Since all P-facts are already defined by specific constructs – which have very exact meaning in physics. (e.g. c – the velocity of light, or about 300,000 km/sec) there is no wiggle room, and this lack of wiggle room means a pre-defined context exists. In contrast to this, the proponent of a vitalist or supernatural cosmos offers a claim that is subjective because the observer must provide an assumed closure - unlike in the case of E = mc^2. where all symbols are fixed.

And without wading through all his other crap (which mainly consists in putting words in atheists’ mouths) the final accolade to this dolt’s supreme ignorance:

Clearly, atheism is not a rational worldview. It is self-refuting because the atheist must first assume the opposite of what he is trying to prove in order to be able to prove anything. As Dr. Cornelius VanTil put it, “[A]theism presupposes theism.” Laws of logic require the existence of God—and not just any god, but the Christian God

Clearly, this is all BS. The atheist is actually the one who defends and supports rationalism and coherence because he is aware of where the responsibility for defending a claim inheres: with the one MAKING the extraordinary claim! One cannot write balderdash like “Laws of logic require the existence of God” without first proving that a God exists.
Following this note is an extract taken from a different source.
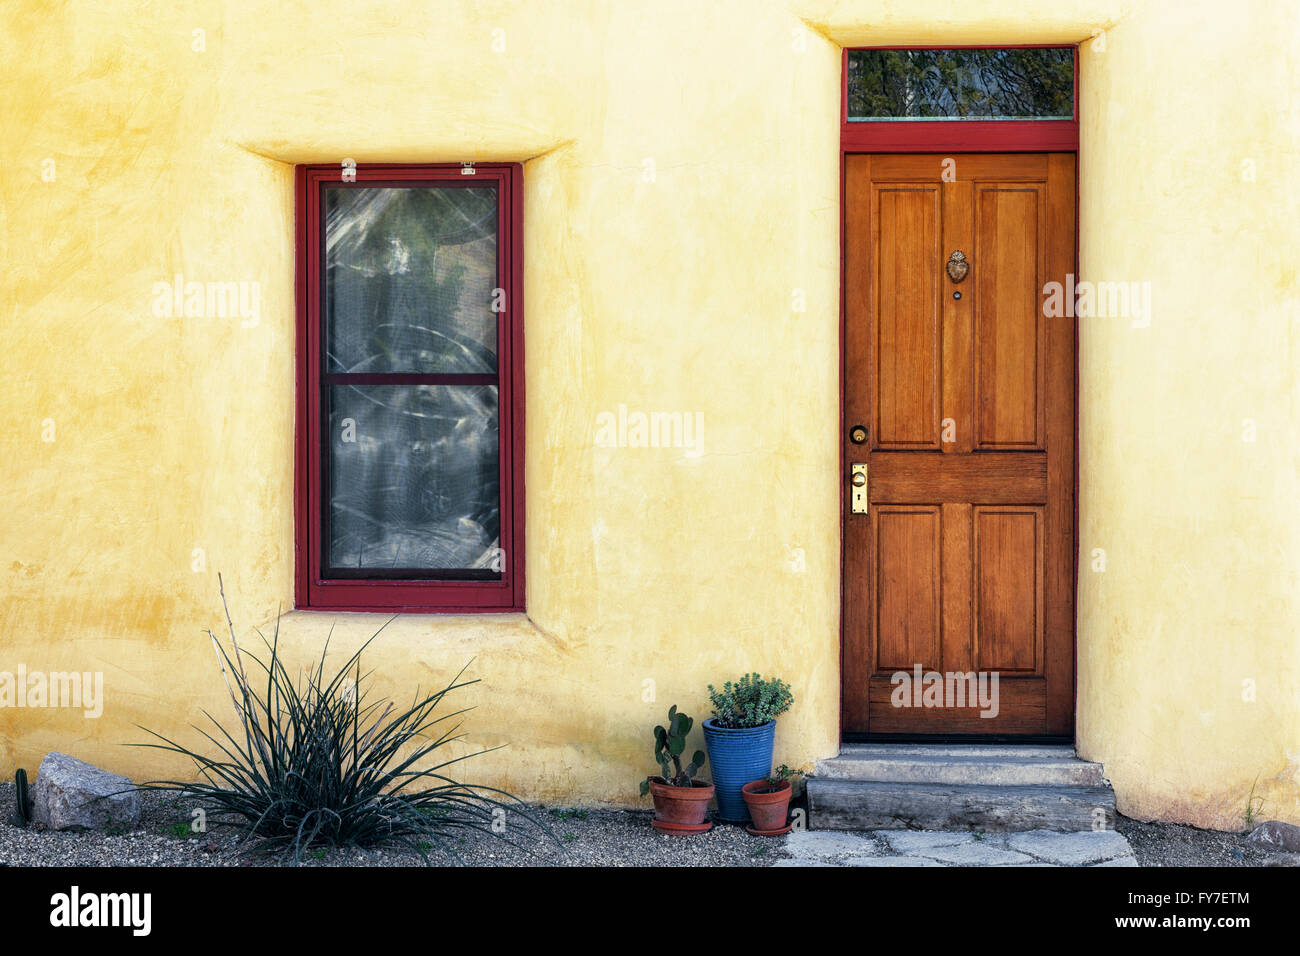 Bunte Architektur einschließlich Türen und Adobe Häusern Make-up viel des Barrio Historic District in Tucson, Arizona. Stockfoto

That would be like me writing some gibberish like “solar flares require the existence of Demons to create them”. NO, you must show the existence of your deity then you can try to show the secondary conclusion there is a connection to the laws of logic (which as I showed are not one uniform, homogeneous set)

Lisle has no idea what he’s blabbering about and indeed, as one Australian website pointed out, probably just spouts this endless bollocks to get himself off - or maybe affirm his belief he's a legend in his own mind. Like the alleged atheist S.E. Cupp (who by accepting Christian tenets found she got more attention and books published) , this guy has found a Christianoid-niche that actually pays - when (without it) he'd be just one more of thousands of astrophysics Ph.D.s still looking for a proper university associate prof position.

Pathetic! In fact, totally effing pathetic! But what can you expect from a gullible, believer clown?